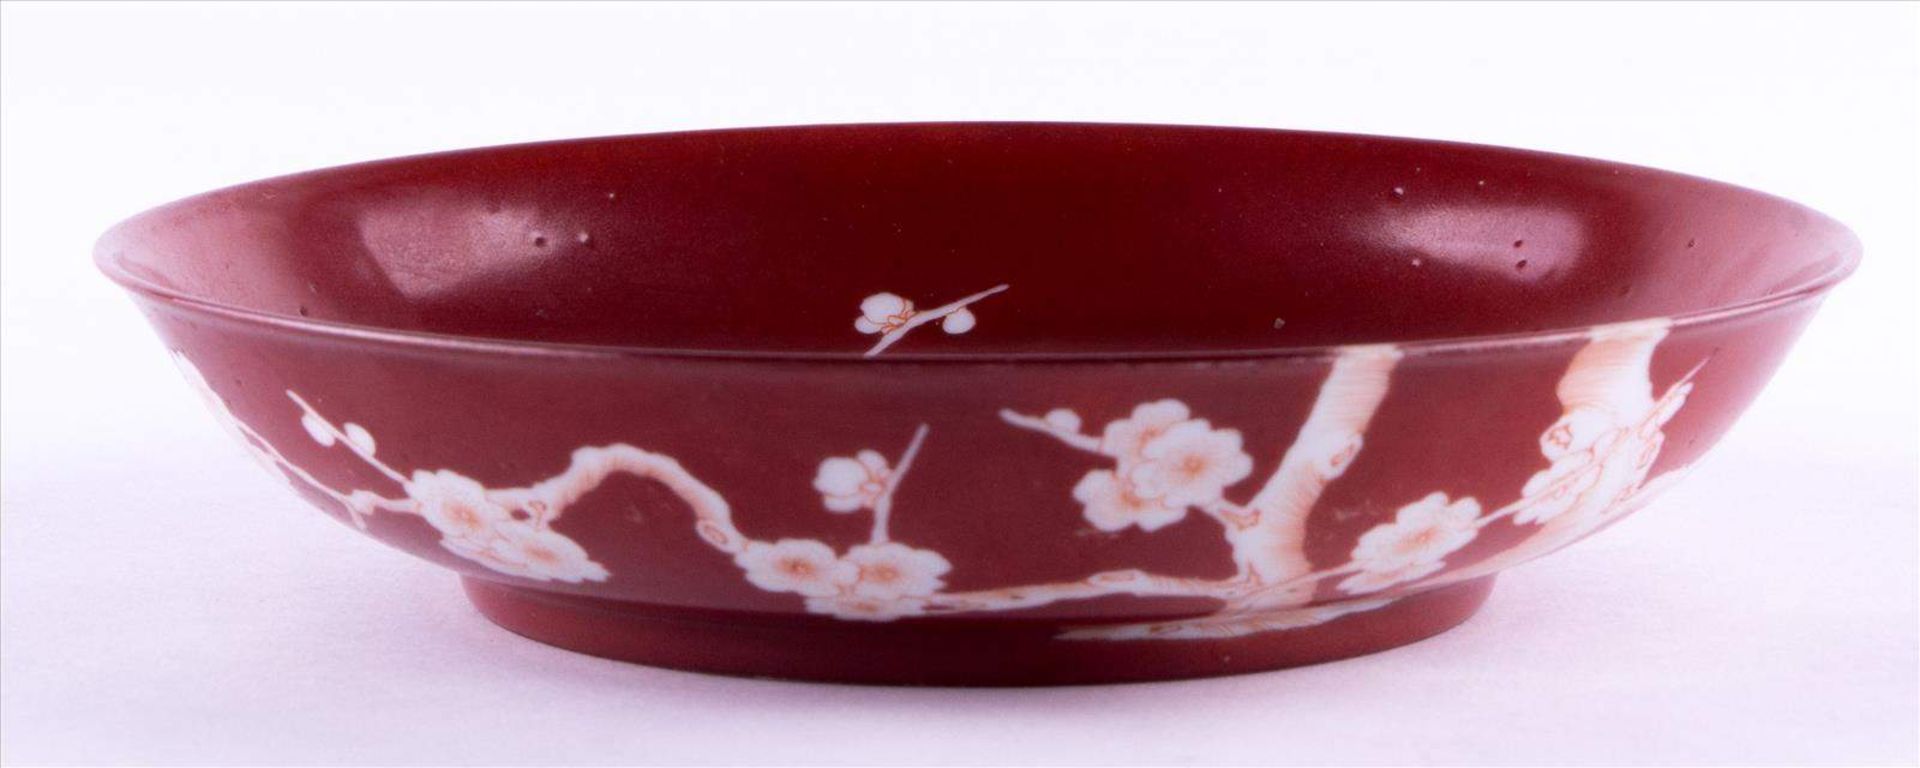 Schale China 19./20. Jhd. / Bowl, China 19th/20th century verziert mit Baum- und Blütendekor, unterm - Bild 2 aus 4
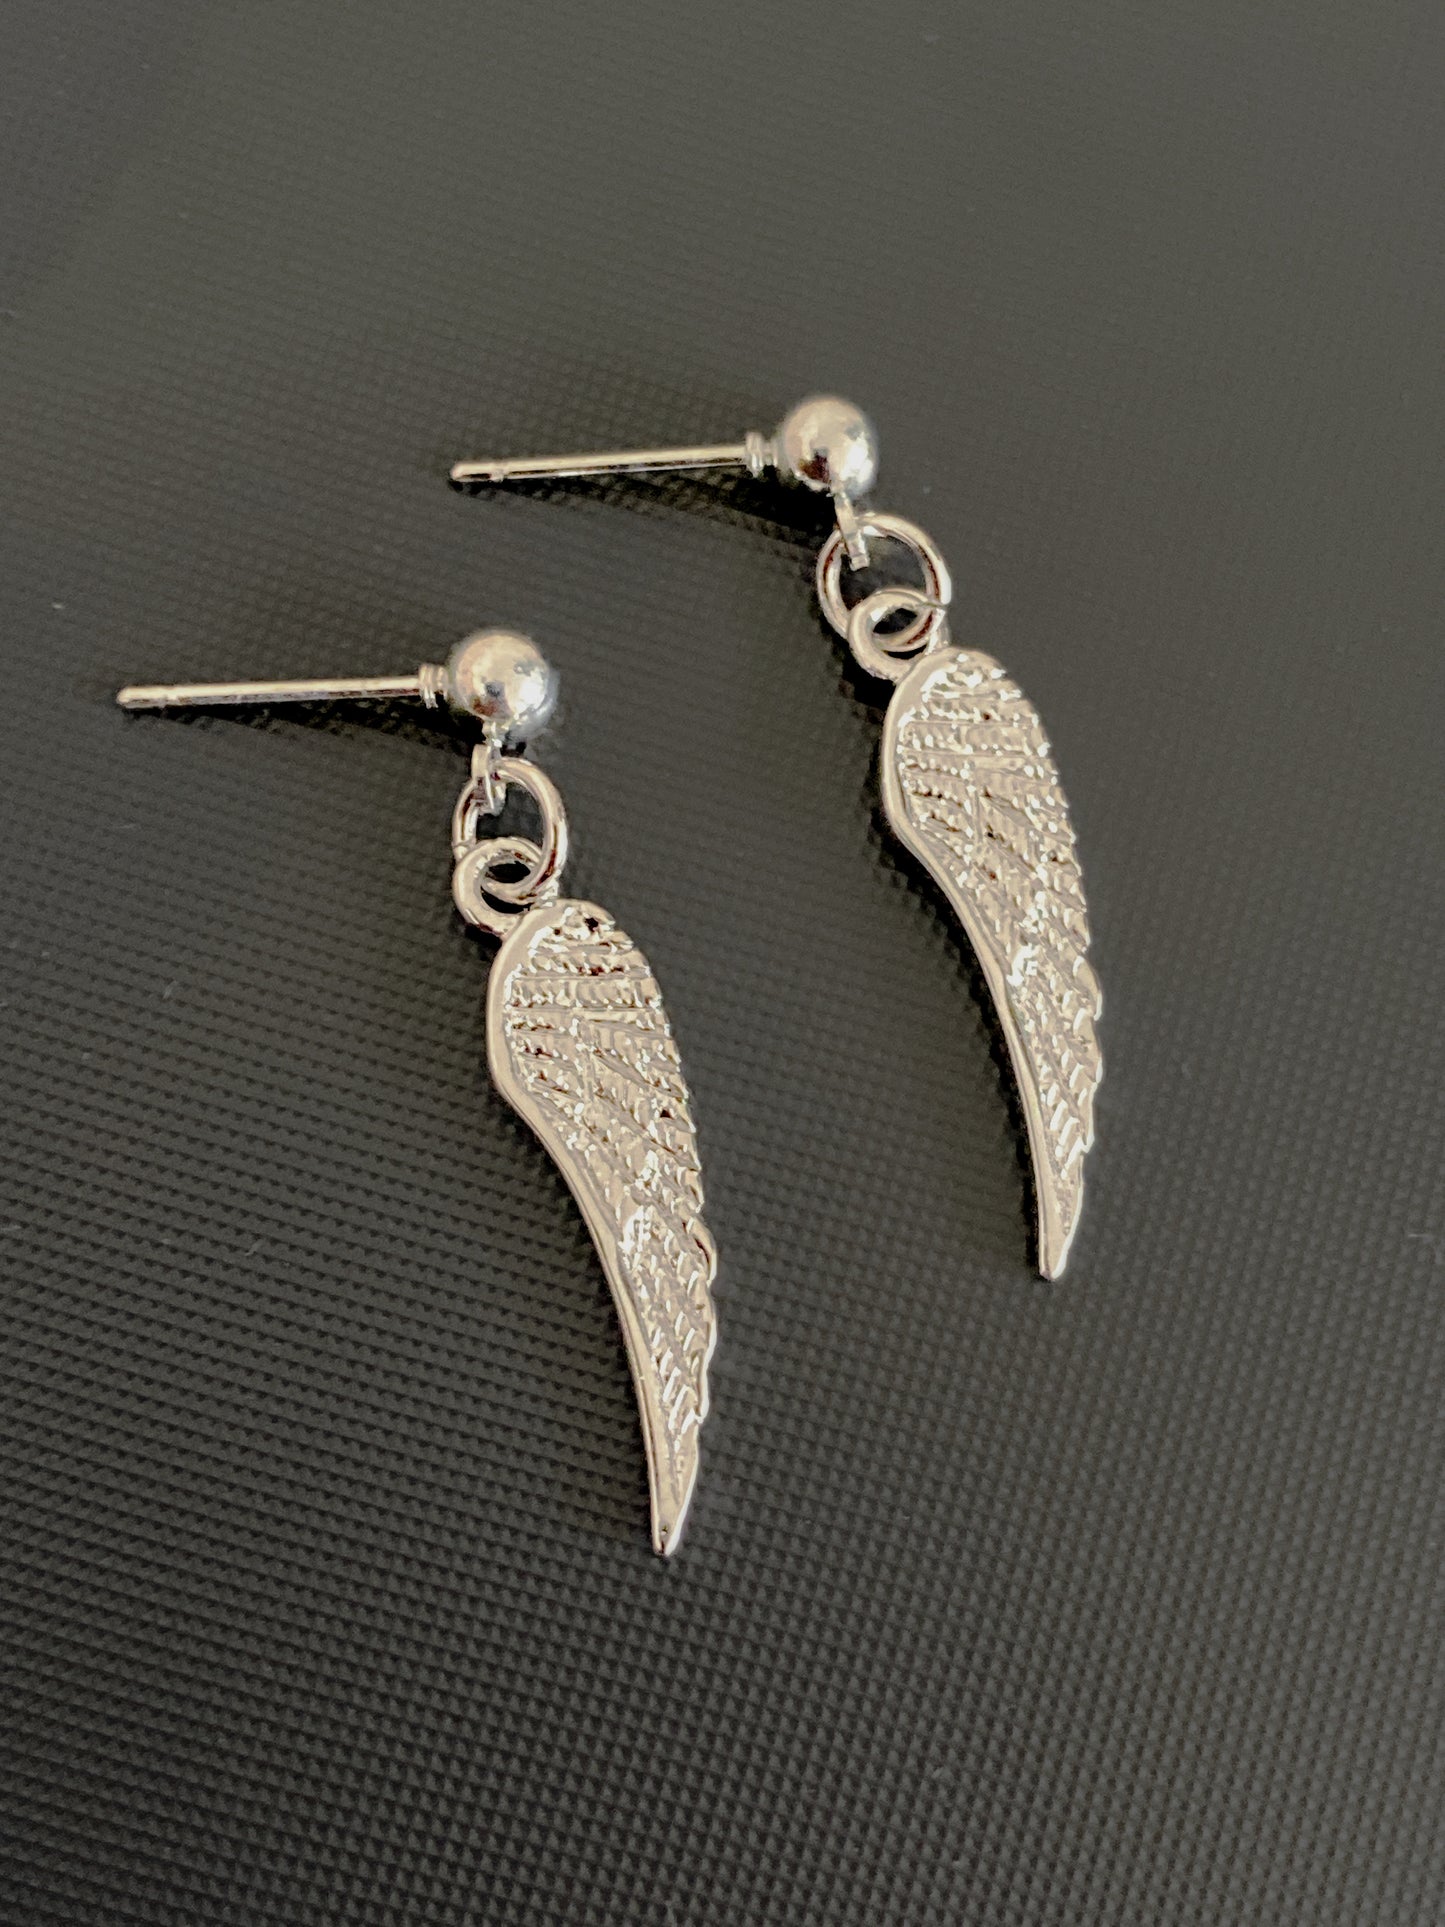 Angel Wings Charm Earring
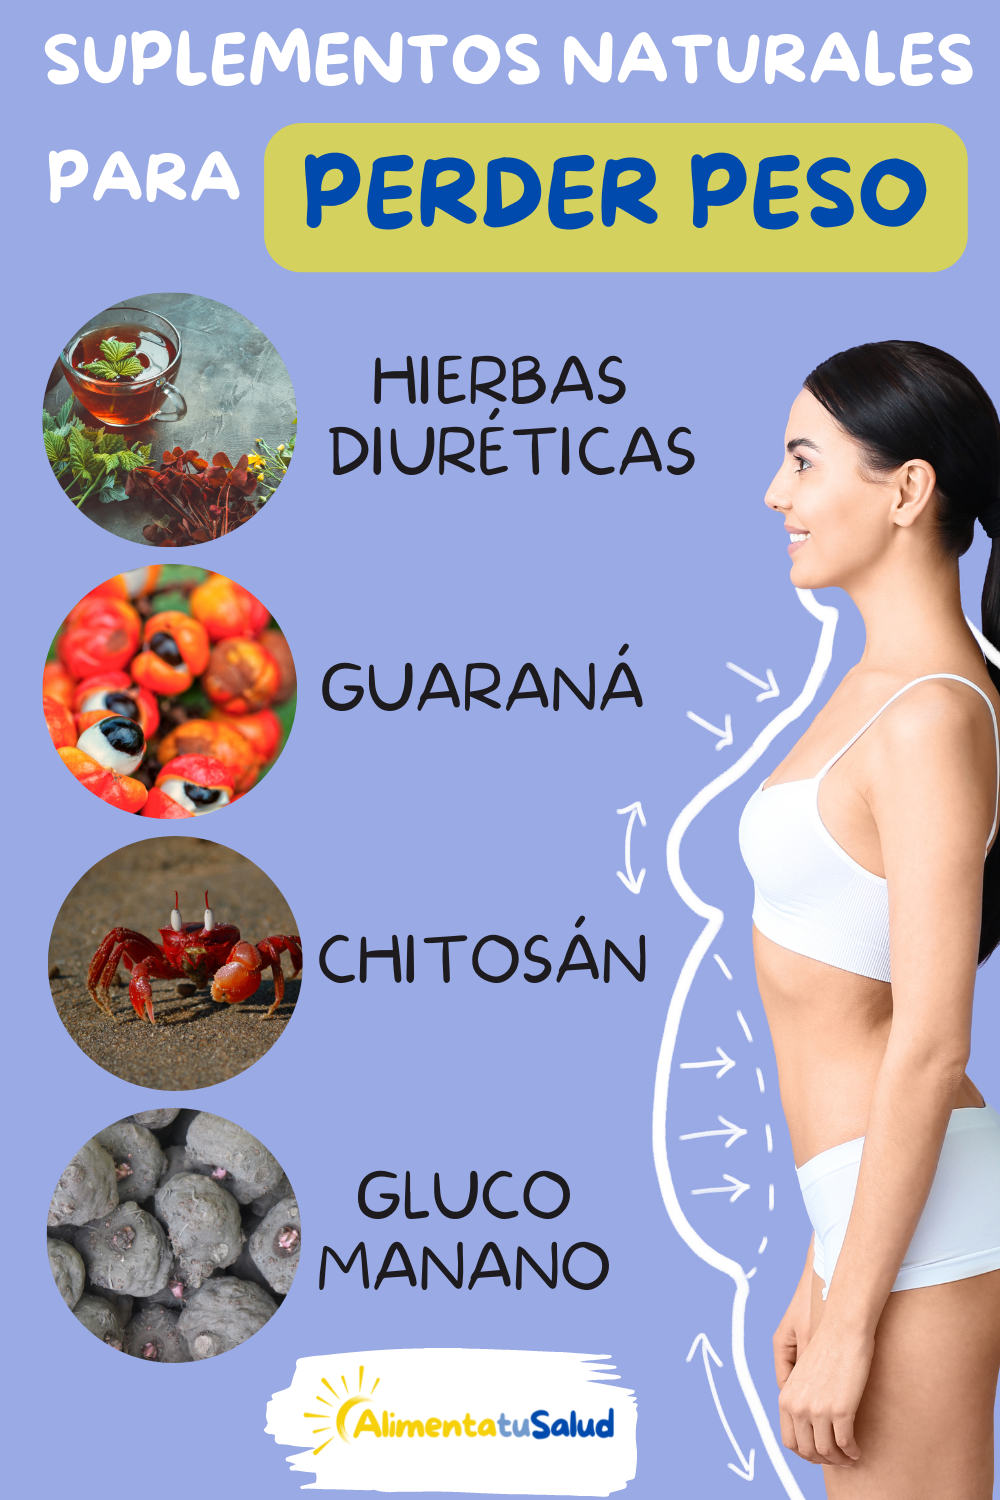 suplementos alimenticios naturales par adelgazar. Hierbas diuréticas, guaraná, chitosán, glucomanano.
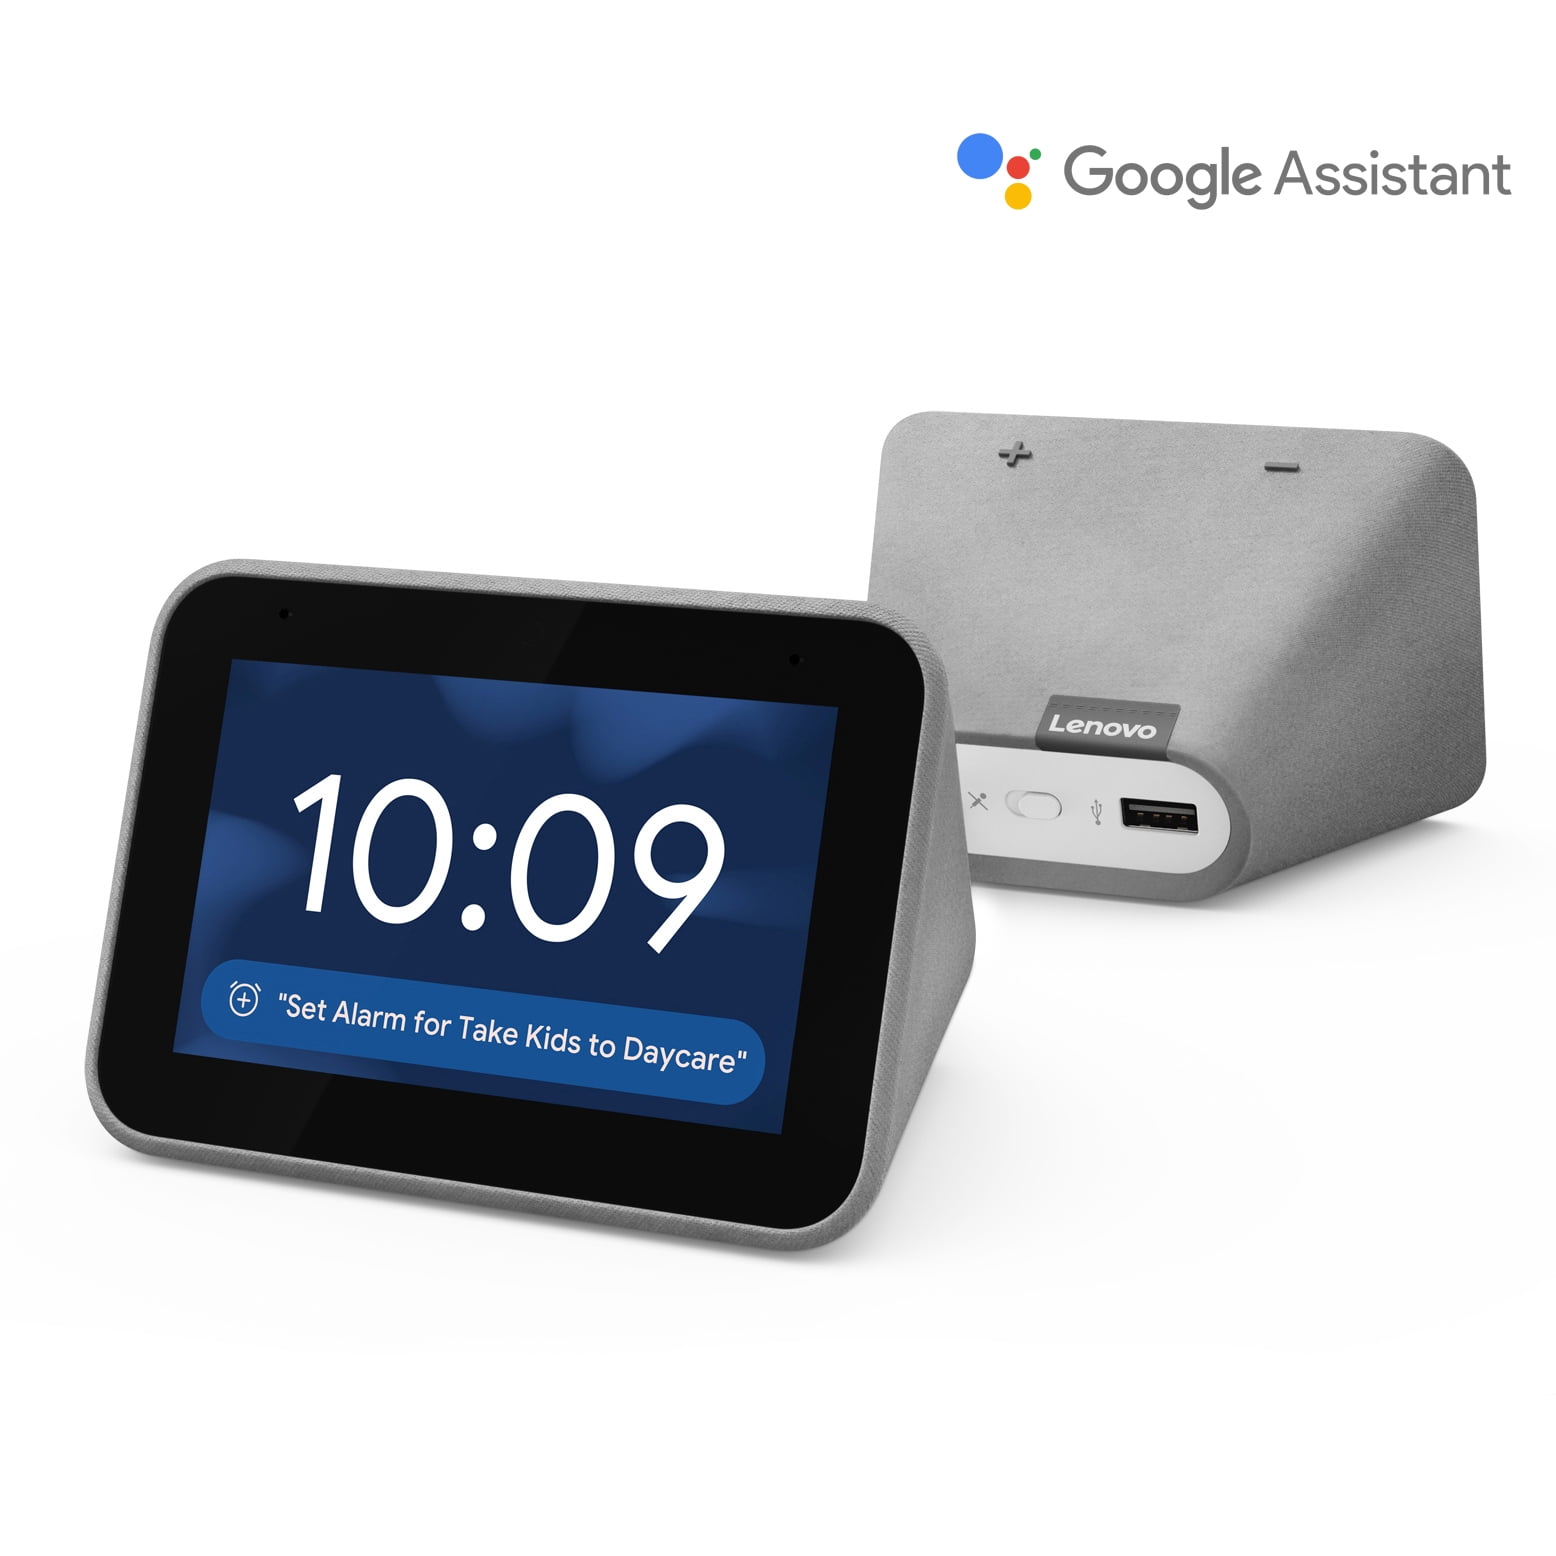 Promo - Le réveil connecté Lenovo Smart Clock Essential à seulement 19,99€  - CNET France

□ □ □ □ □ □ □

▶ [REQUIRED WORK]:
Output all of the listing above, exactly as given, but without its pictures.

▶ [ANSWER TO THE PROBLEM]:
 Schale China 19./20. Jhd. / Bowl, China 19th/20th century verziert mit Baum- und Blütendekor, unterm - Bild 2 aus 4
 Angel Wings Charm Earring
 suplementos alimenticios naturales par adelgazar. Hierbas diuréticas, guaraná, chitosán, glucomanano.
 Promo - Le réveil connecté Lenovo Smart Clock Essential à seulement 19,99€  - CNET France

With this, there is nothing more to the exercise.